ÉPOCA – Em termos de parceiros, o trabalho da CGI tem sido basicamente trazer grandes corporações para o mundo da filantropia. Esses esforços tendem a se tornar reféns de condições econômicas e políticas. Os governos são mais um problema que parte da solução no tipo de trabalho que o senhor faz hoje?

Clinton –
Às vezes. O que sempre tento fazer é lembrar que o governo tem de ser, no final, o garantidor não apenas dos direitos dos cidadãos, mas também da capacidade de operação da sociedade civil e das ONGs (organizações não governamentais). Acho muito importante envolvê-los (o governo), nem que seja para abençoar o que é feito. Meu verdadeiro objetivo, pelo menos em qualquer lugar onde minha fundação trabalhe, é trabalhar fora do governo e ir para algum outro lugar. Gerar capacidade para as pessoas governarem a si mesmas é uma parte importante. Mas você precisa ter padrões. Temos uma estrita política de não à corrupção.

ÉPOCA – O senhor tem falado muito em interdependência no mundo de hoje e na necessidade de colaboração – entre setores, Estados e regiões. Isso é ótimo, mas há muita competição e desconfiança. O trabalho da Agência Nacional de Segurança dos Estados Unidos (NSA) não ajudou a melhorar a confiança entre muitos países, incluindo o Brasil, e os Estados Unidos. Como é possível superar essa desconfiança para que ela não prejudique o diálogo que o senhor e outras ONGs promovem?

Clinton –
Acho saudável ter esse debate de uma forma global. A única maneira de superar a desconfiança é com as pessoas e os governos totalmente transparentes sobre o que acontece e abertos para mudanças em práticas políticas que violem nossos valores e nossos interesses mútuos. Mais transparência é o caminho – e isso é verdade dentro de um país e também em relações bilaterais e multilaterais.
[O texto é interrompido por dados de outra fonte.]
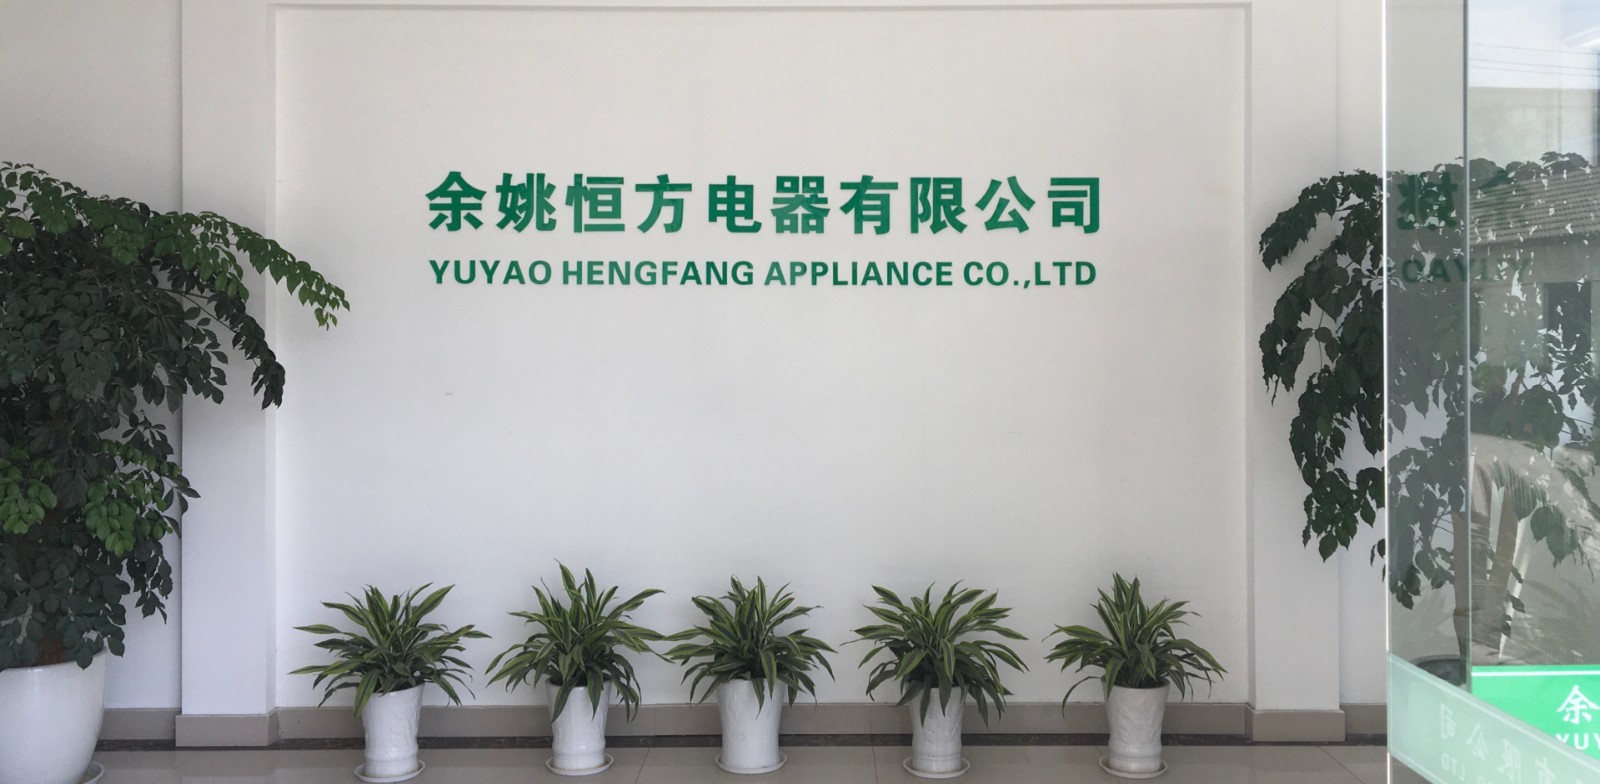 YUYAO HENG FANG APPLIANCE CO.,LTD

ÉPOCA – O senhor é otimista com relação a esse desafio?

Clinton –
Sou relativamente otimista, sim. Se você olhar para todas as controvérsias, como a dos dados confidenciais, percebe agora que corre o risco de ter menos segurança e menos privacidade. E, se quisermos mais segurança e uma privacidade adequada, isso exigirá cooperação, transparência e que todo mundo siga os parâmetros básicos do que façamos. Há todo tipo de desafio, que todos enfrentamos, por entre as fronteiras, e temos uma enorme quantidade de informação que pode ser usada e abusada. Estamos construindo um verdadeiro mundo interdependente e sou bastante otimista em relação a isso. Estou mais concentrado no que temos agora: uma escassez global de bons empregos para jovens, em qualquer lugar do mundo. Os desafios econômicos são outro argumento por transparência e cooperação. Você precisa achar uma forma de tornar possível que as pessoas tenham uma vida decente em qualquer lugar. O mundo teve sucesso nos últimos 30 anos em reduzir a pobreza extrema – e a China sozinha tirou quase 500 milhões de pessoas da pobreza –, mas ainda existem (na China) 100 milhões vivendo com menos de US$ 1 por dia. Brasil e México tiveram, ambos, uma perceptível redução da desigualdade, em parte por ter erguido as pessoas de baixo para cima. Mas, como vimos nos protestos (no Brasil), ainda existe muita frustração entre os jovens de classe média, que querem uma vida melhor. Esses são desafios que todos enfrentamos. Se não formos otimistas quanto à transparência, ninguém terá nada a ganhar no longo prazo escondendo. Há muito mais a ganhar cooperando.